Blue lasers have applications in many areas ranging from opto-electronic data storage at high-density to medical
applications. Until the mid 1990s, blue lasers were large and expensive gas laser instruments
which relied on population inversion in rare gas mixtures and needed high currents
and strong cooling. In the mid 1990s Shuji Nakamura at Nichia
Chemical Industries in Anan (Tokushima-ken, Japan), made a series of inventions and developed commercially viable blue and
violet semiconductor lasers based on gallium
nitride compound sectors by using quantum wells or quantum dots spontaneously formed via self-assembly.

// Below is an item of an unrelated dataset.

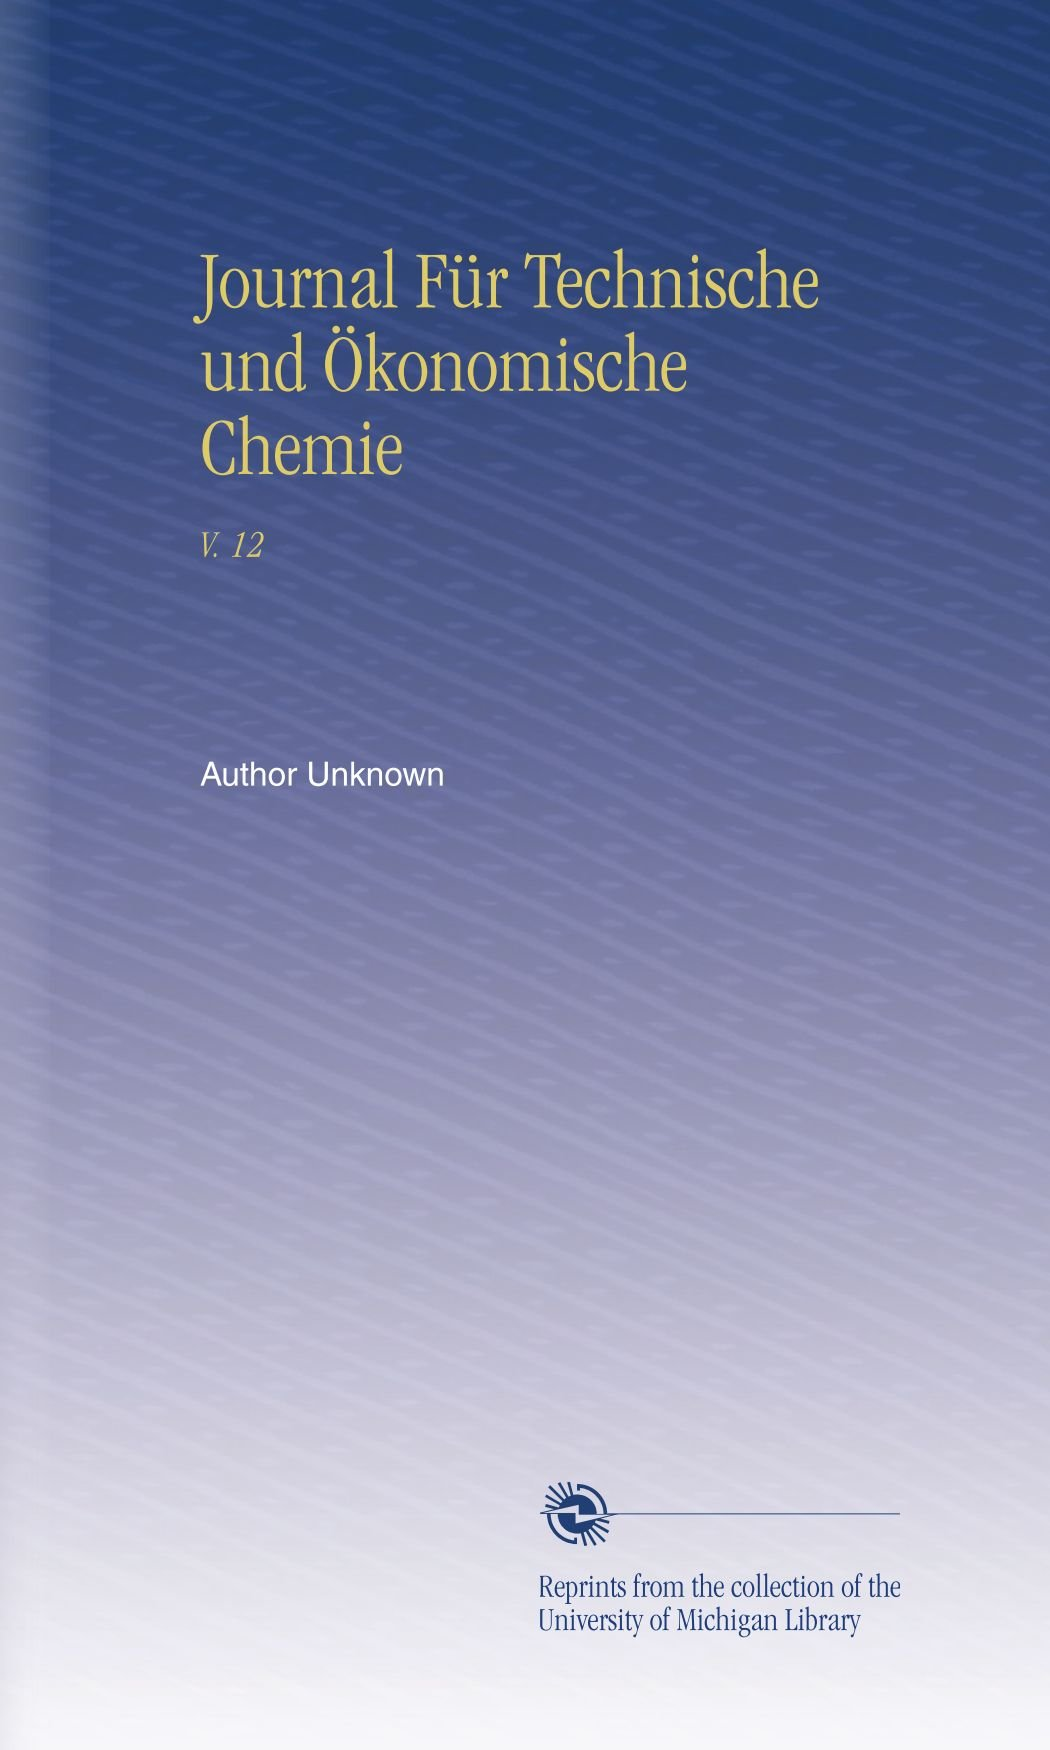 Download Journal Für Technische und Ökonomische Chemie: V. 12 (German Edition) ebook
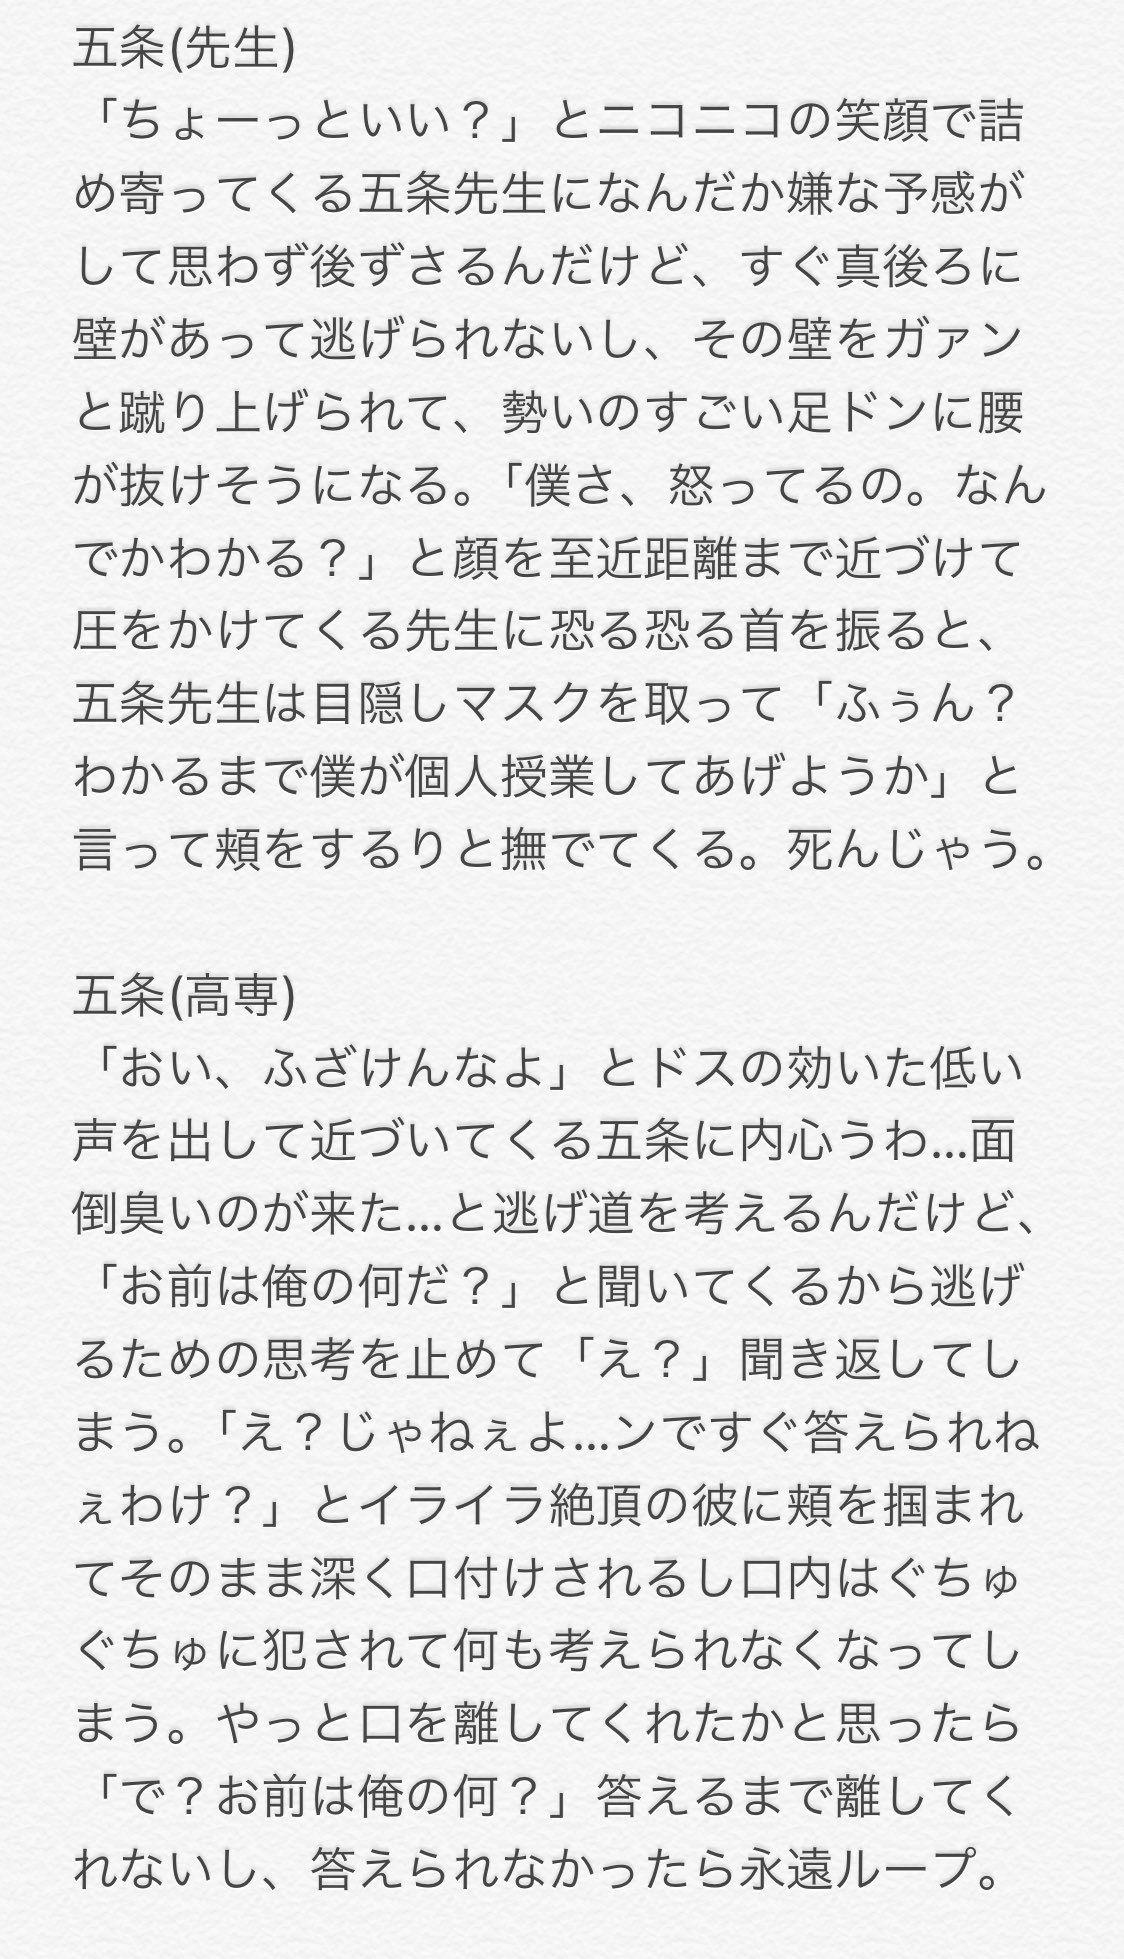 廻 pixiv 夢 戦 呪術

This invention
enabled the development of small, convenient and low priced blue, violet and ultraviolet UV
lasers which had not been available before and opened the way for applications such as high-density HD
DVD data storage and Blu-ray discs. The shorter wavelength allows it to read discs
containing much more information.
Blue laser light usually has a relatively low input-to-power efficiency. Blue lasers usually operate at around 472 nanometers.
A blue DPSS laser is an alternative to a blue semiconductor laser. They most often lase at 473 nm, which is produced by frequency doubling of 946 nm laser radiation from a diode-pumped Nd:YAG or Nd:YVO4 crystal. For high output power BBO crystals are used as frequency doublers. For lower optical powers, KTP or periodically poled KTP (PPKTP) crystals are used.